Laboratoire de Virologie, AP-HP Groupe Hospitalier Bichat-Claude Bernard, HUPNVS, Univ Paris Diderot, PRES Sorbonne Paris Cité, Paris, France.
AIDS. 2013 Jan 2;27(1):69-80. doi: 10.1097/QAD.0b013e32835a10d8.
This study investigated the impact on virological outcome of the gag cleavage sites and the protease-coding region mutations in protease inhibitor-naive and protease inhibitor-experienced patients infected with HIV-2 receiving lopinavir (LPV) containing regimen.
Baseline gag and protease-coding region were sequenced in 46 HIV-2 group A-infected patients receiving lopinavir. Virological response was defined as plasma viral load less than 100 copies/ml at month 3. Associations between virological response and frequencies of mutations in gag [matrix/capsid (CA), CA/p2, p2/nucleocapsid (NC), NC/p1, p1/p6] and gag-pol (NC/p6) cleavage site and protease-coding region, with respect to the HIV-2ROD strain, were tested using Fisher's exact test.

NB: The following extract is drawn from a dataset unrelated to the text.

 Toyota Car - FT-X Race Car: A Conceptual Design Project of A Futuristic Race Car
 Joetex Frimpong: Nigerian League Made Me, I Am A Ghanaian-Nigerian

Virological response occurred in 14 of 17 (82%) protease inhibitor-naive and 17 of 29 (59%) protease inhibitor-experienced patients. Virological failure was associated with higher baseline viral load (median: 6765 versus 1098 copies/ml, P = 0.02). More protease-coding region mutations were observed in protease inhibitor-experienced compared with protease inhibitor-naive patients (median: 8 versus 5, P = 0.003). In protease inhibitor-naive patients, T435A (NC/p6), V447M (p1/p6), and Y14H (protease-coding region) were associated with virological failure (P = 0.011, P = 0.033, P = 0.022, respectively). T435A and V447M were associated with Y14H (P = 0.018, P = 0.039, respectively). In protease inhibitor-experienced patients, D427E (NC/p1) was associated with virological response (P = 0.014). A430V (NC/p1) and I82F (protease-coding region) were associated with virological failure (P = 0.046, P = 0.050, respectively). Mutations at position 430 were associated with a higher number of mutations in protease-coding region (median: 10 versus 7, P = 0.008).
We have demonstrated, for the first time, an association between gag, gag-pol cleavage site and protease-coding region mutations, with distinct profiles between protease inhibitor-naive and protease inhibitor-experienced patients. These mutations might impact the virological outcome of HIV-2-infected patients receiving LPV-containing regimen.
本研究旨在探讨 HIV-2 感染者在接受洛匹那韦(LPV)为基础的治疗方案时 gag 裂解位点和蛋白酶编码区突变对病毒学结果的影响。
对 46 例感染 HIV-2 组 A 的患者进行基线 gag 和蛋白酶编码区测序。病毒学反应定义为第 3 个月时血浆病毒载量小于 100 拷贝/ml。使用 Fisher 确切检验检测 gag [基质/衣壳 (CA)、CA/p2、p2/核衣壳 (NC)、NC/p1、p1/p6]和 gag-pol (NC/p6)裂解位点以及蛋白酶编码区中突变与 HIV-2ROD 株的频率与病毒学反应之间的关系。
17 例初治(82%)和 29 例经治(59%)患者中,14 例和 17 例患者发生病毒学失败。病毒学失败与较高的基线病毒载量(中位数:6765 与 1098 拷贝/ml,P=0.02)相关。与初治组相比,经治组观察到更多的蛋白酶编码区突变(中位数:8 与 5,P=0.003)。在初治组中,T435A(NC/p6)、V447M(p1/p6)和 Y14H(蛋白酶编码区)与病毒学失败相关(P=0.011、P=0.033、P=0.022,分别)。T435A 和 V447M 与 Y14H 相关(P=0.018、P=0.039,分别)。在经治组中,D427E(NC/p1)与病毒学反应相关(P=0.014)。A430V(NC/p1)和 I82F(蛋白酶编码区)与病毒学失败相关(P=0.046、P=0.050,分别)。位置 430 的突变与蛋白酶编码区中更多的突变相关(中位数:10 与 7,P=0.008)。
我们首次证明了 gag、gag-pol 裂解位点和蛋白酶编码区突变之间的相关性,在初治和经治患者中具有不同的特征。这些突变可能影响接受 LPV 为基础的治疗方案的 HIV-2 感染者的病毒学结果。